Why is https://commoncrawl.org/ not enough?

dewey · on July 10, 2022

Isn't that one more data sets for ML other research purposes instead of a highly up to date search index (For example with news from a few minutes ago).

jka · on July 10, 2022

Roughly speaking, yep - Common Crawl provides a sizable chunk of web data (420 TiB uncompressed, over 3 billion unique URLs, as of May 2022; historic statistics here[1]), and is updated on monthly basis.
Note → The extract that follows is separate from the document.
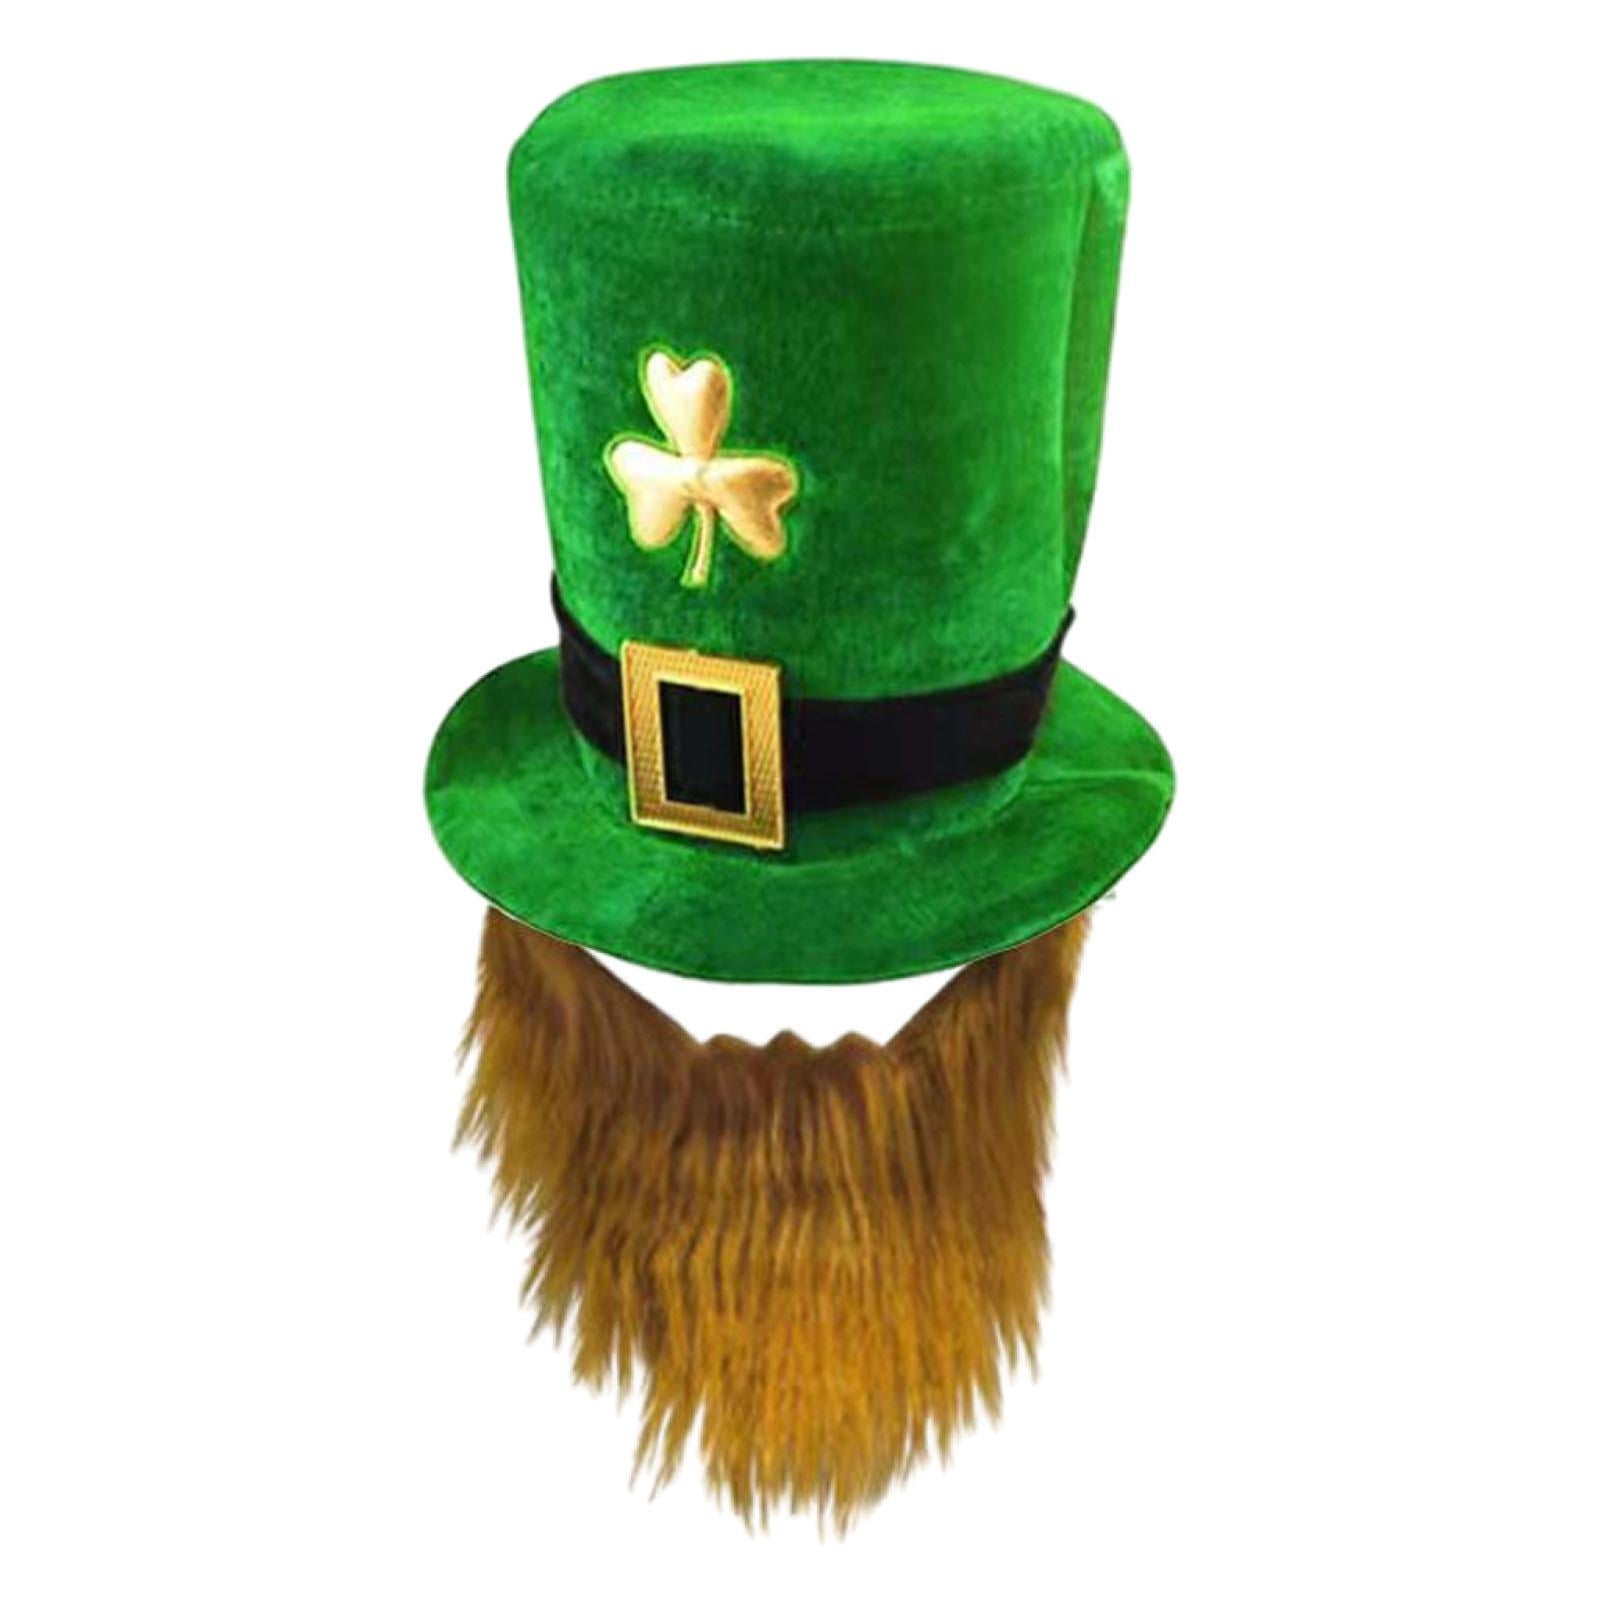 Outfit Accessories Party Supply St Party Favor Patrick's Day Irish Top Hat and Beard Leprechaun Green Dress-up Costume 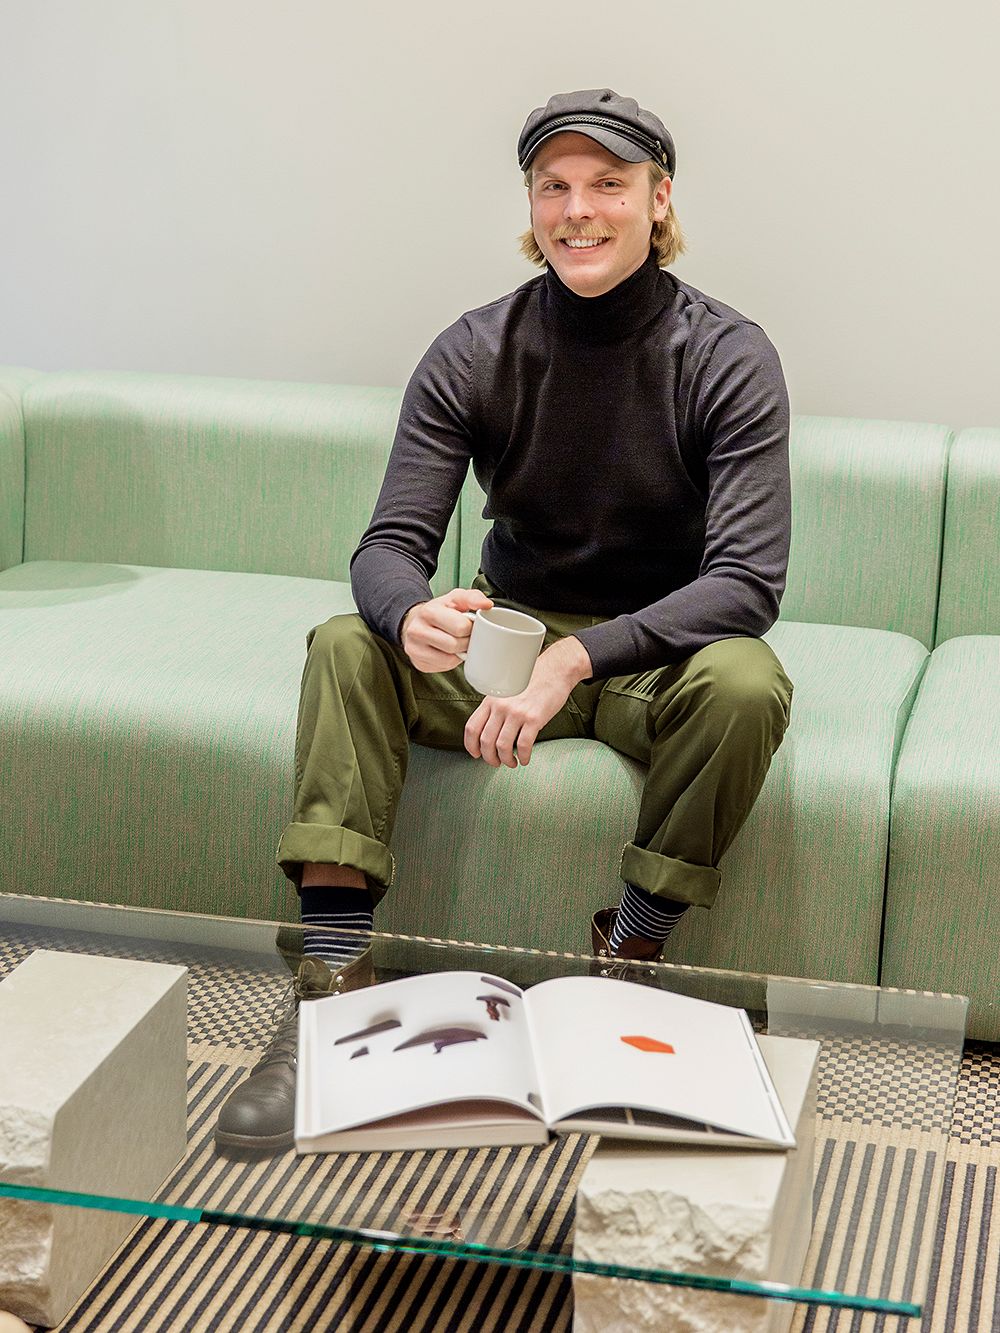 Design Sales Representative Matias Rahkola sitting on a green sofa with a cup of coffee in his hand.

Not near-real-time, true, albeit relatively fresh.

A question to ask could be: how often do users care about information from a few minutes ago, compared to information that has been available for a longer duration of time?

[1] - https://commoncrawl.github.io/cc-crawl-statistics/

flexie · on July 10, 2022

Isn't that more a question of adding to the mix frequent scraping of

- a few thousand news-sites (like nyt.com, bbc.co.uk),

- a few thousand very popular blogs (based on what influencers people search for),

- a handful of social media sites (e.g. Twitter),

- a few hundred databases in areas like weather, airlines, sports (like ATP for people who look for Wimbledon results today)?

sudodude · on July 10, 2022

I mean, any time someone wants information on current or recent events is your use case right there. If you exclude news entirely, you could maybe disregard recent websites but I imagine that's statistically a pretty large portion of search.